» **Work request**:
Copying rule for the data below: take the line containing "Valentines Day Girl Free" and every line after it to the end, exactly, and drop all pictures.

» **Source data**:
● ● ● ●
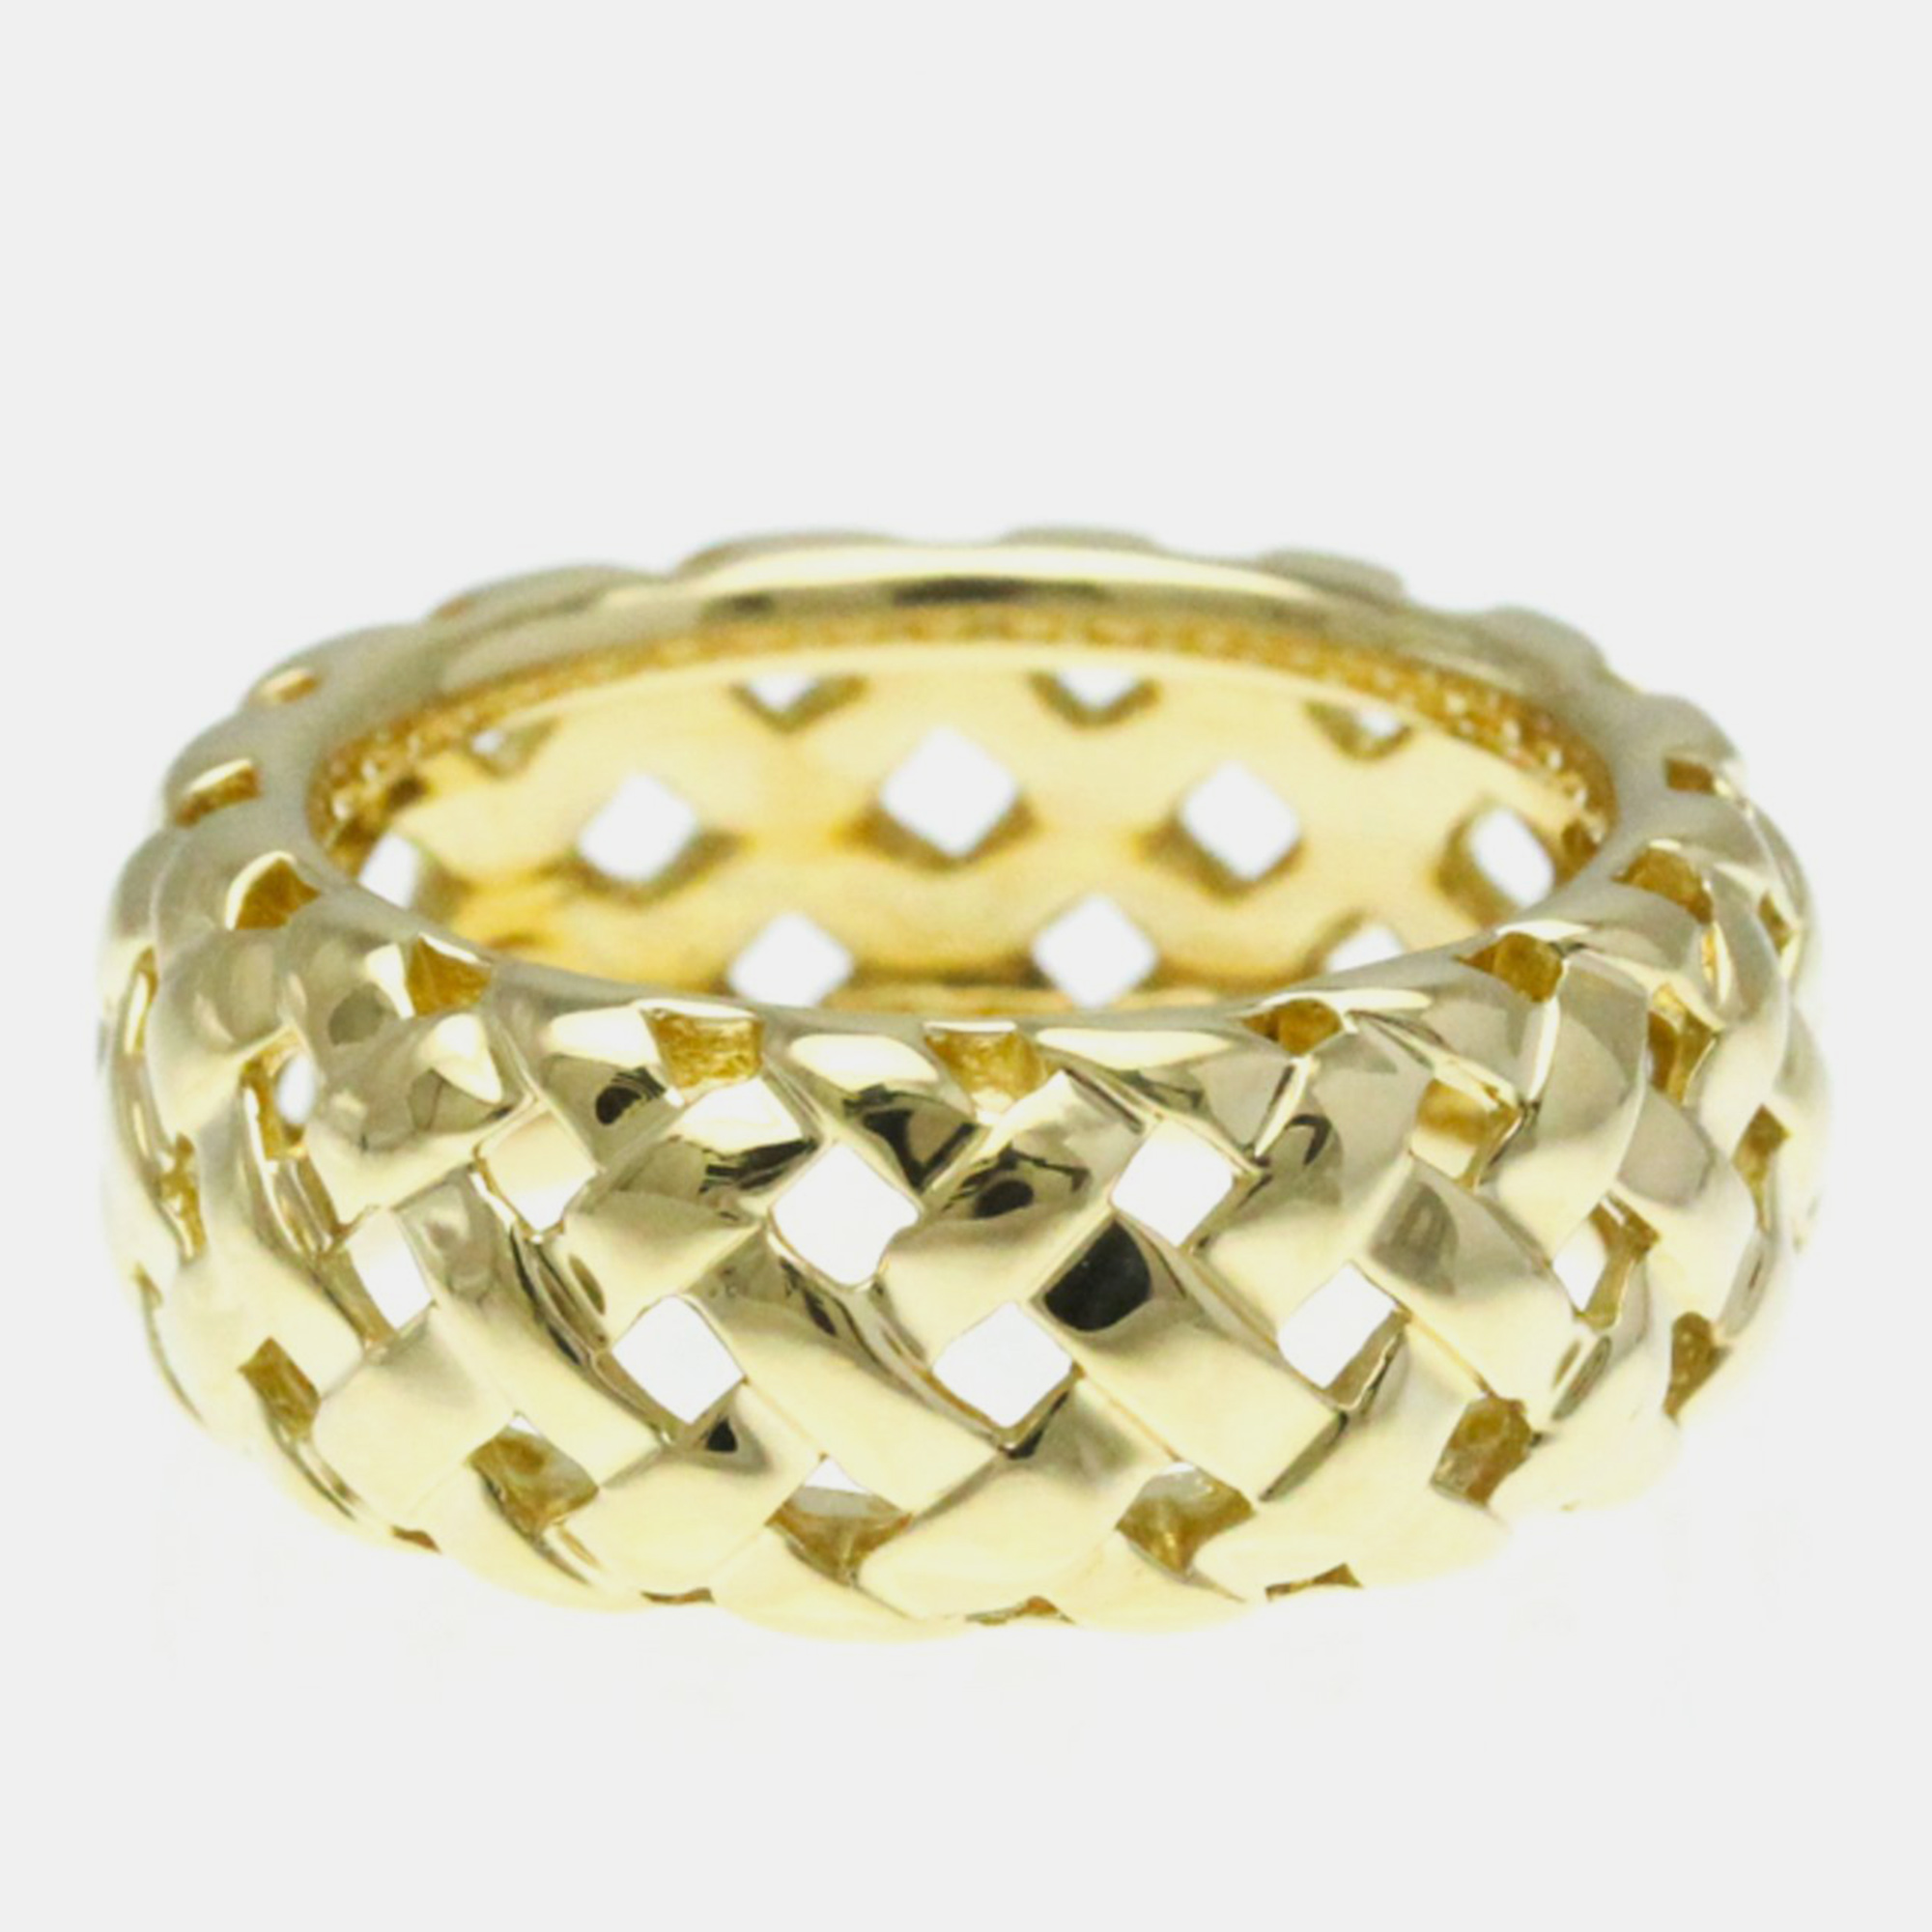 Tiffany & co. 18k yellow gold vannerie band ring eu 52
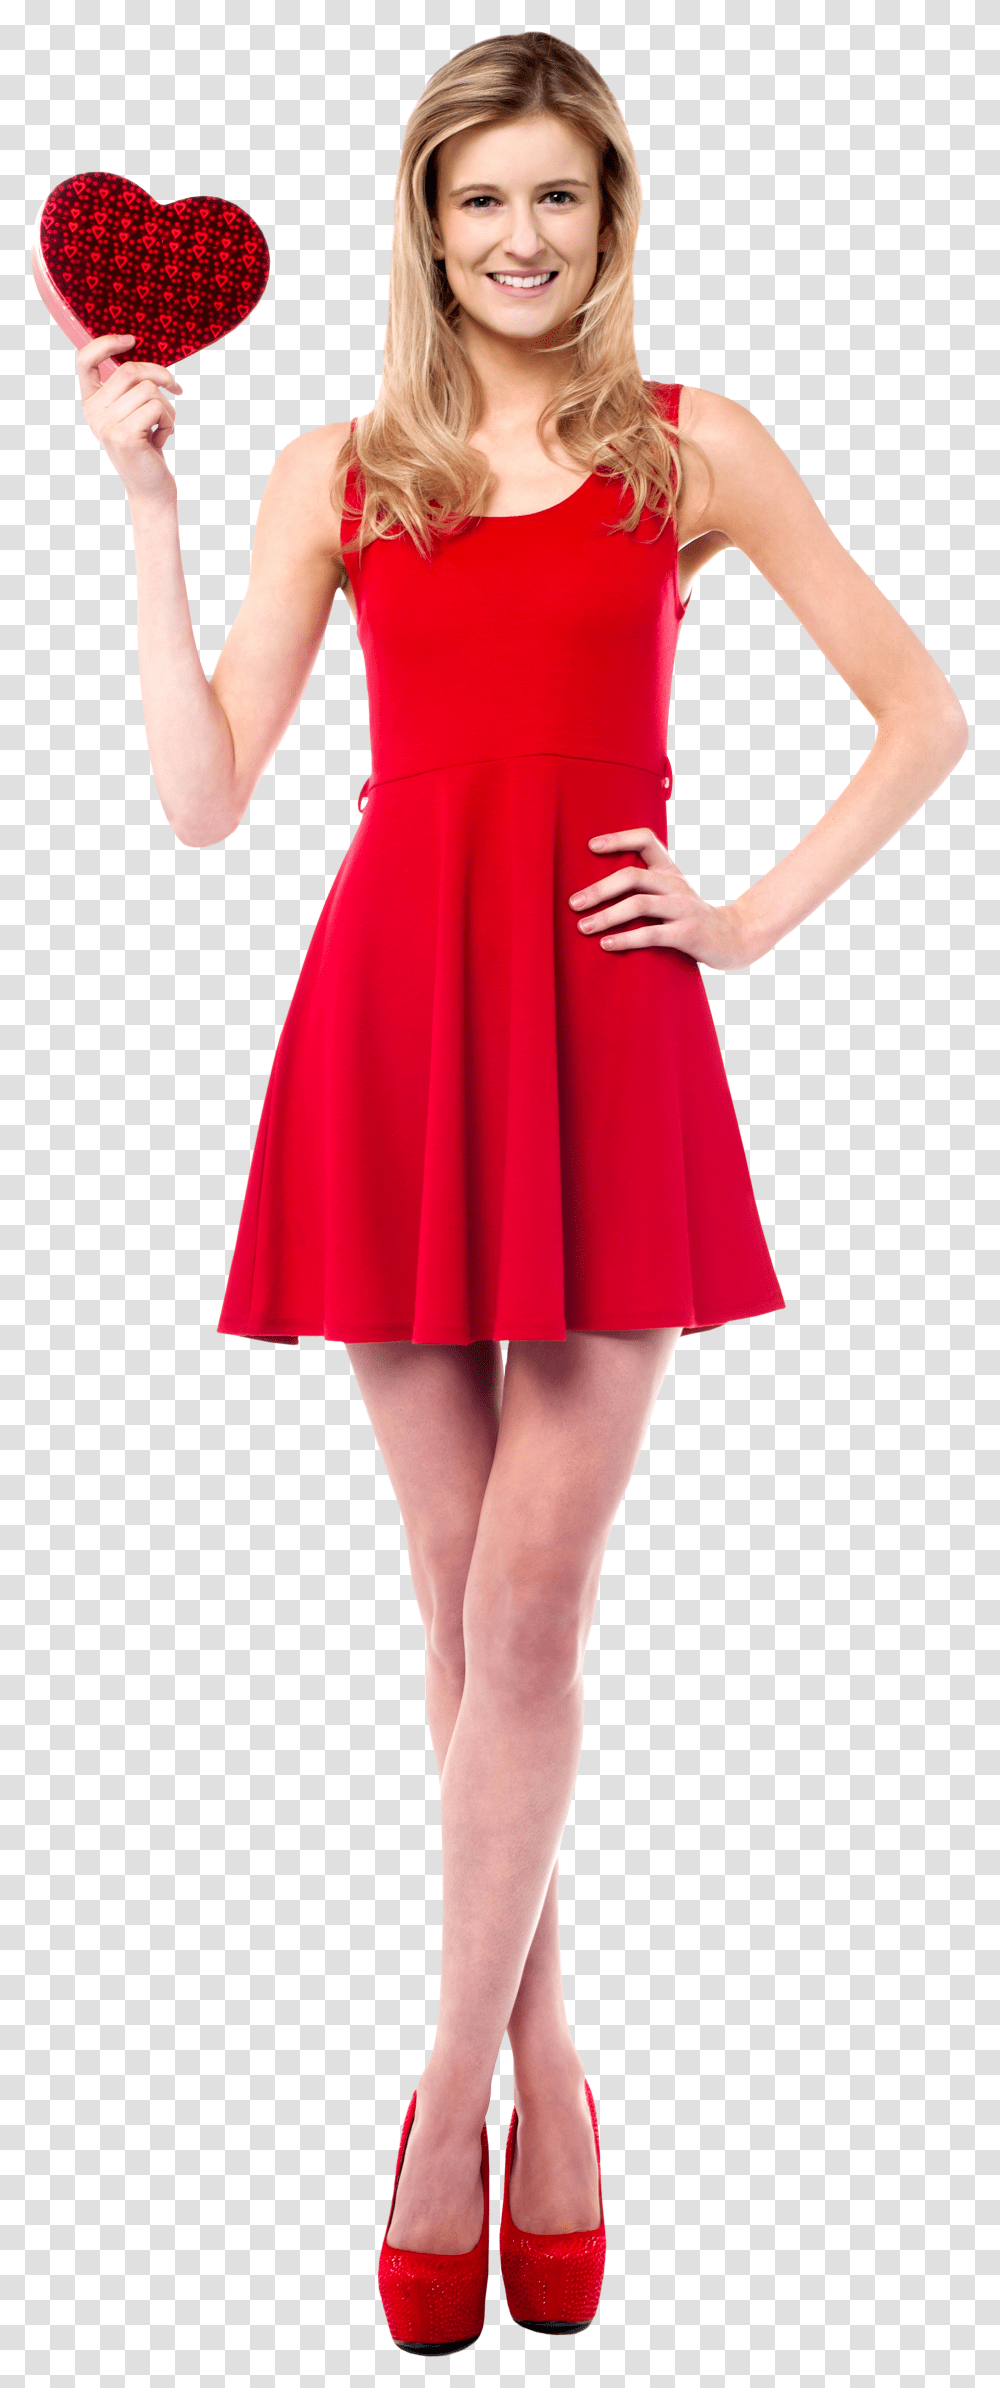 Valentines Day Girl Free Commercial Use Image Valentines Day Girl Transparent Png
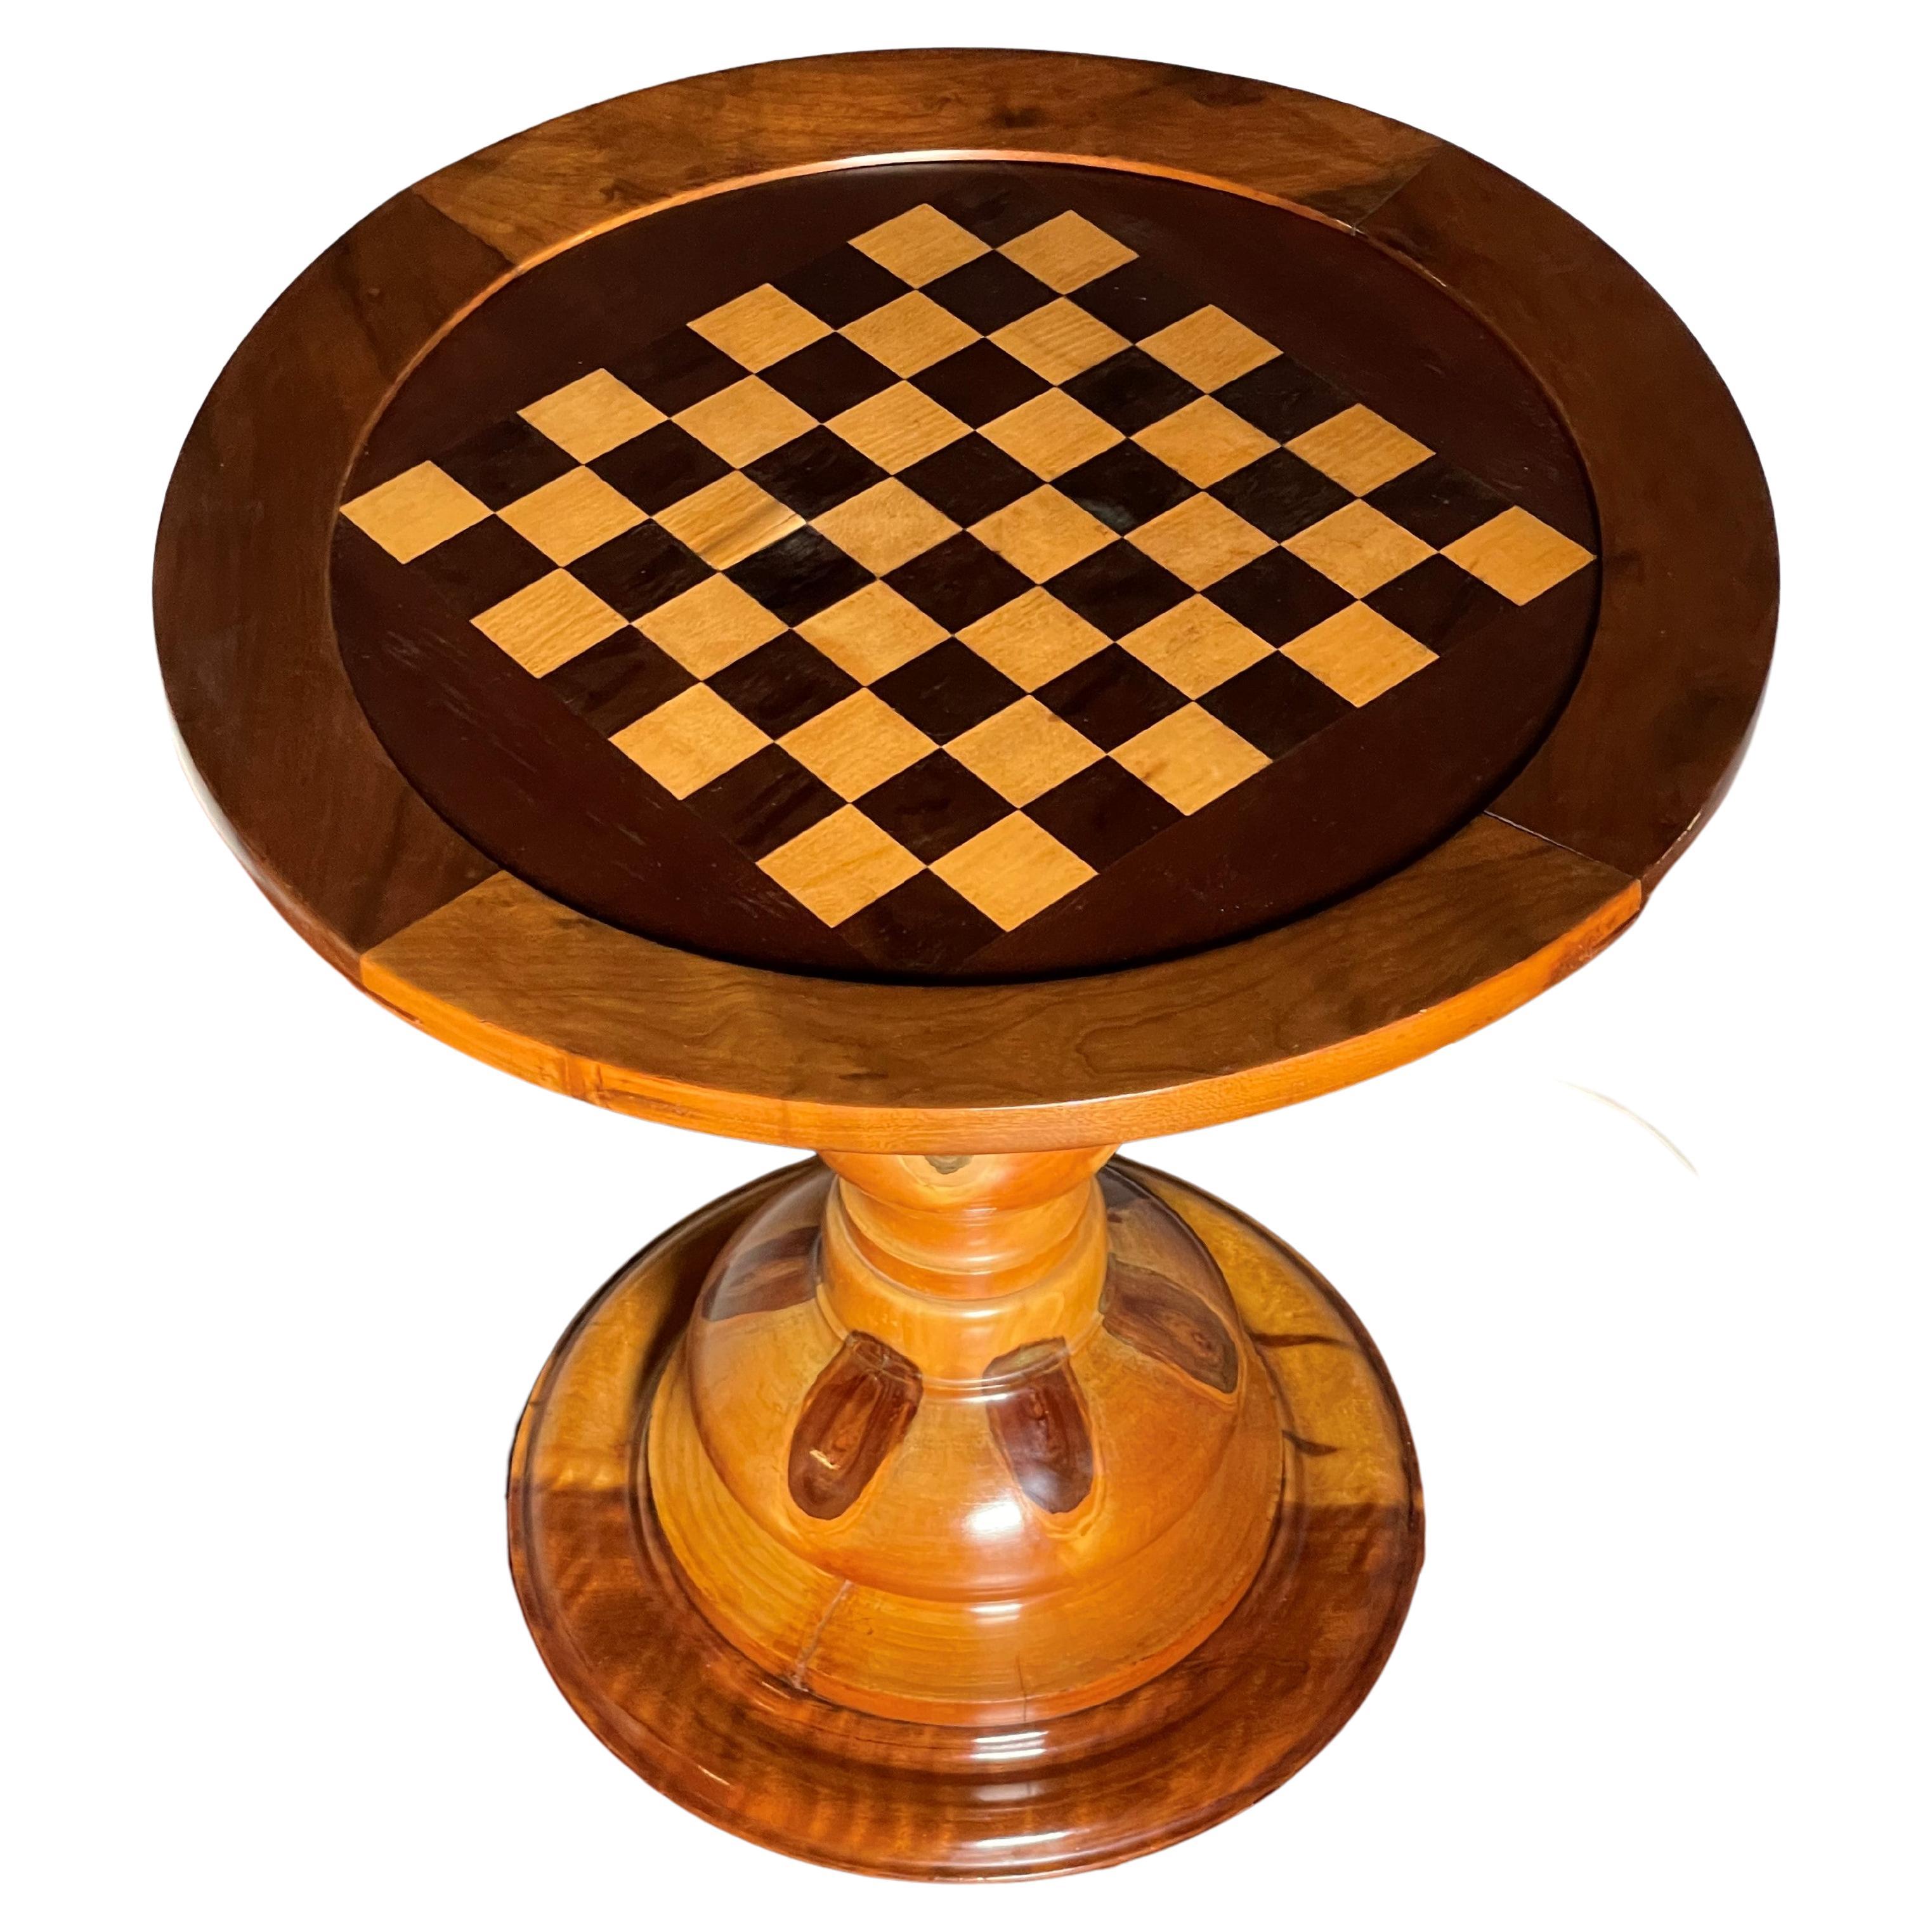 Mid-Century Modern Chess Table of Wood with Stunning Tree Knots Pattern & Light
● ● ● ●
» **Problem solution**:
 Valentines Day Girl Free Commercial Use Image Valentines Day Girl Transparent Png
 Mid-Century Modern Chess Table of Wood with Stunning Tree Knots Pattern & Light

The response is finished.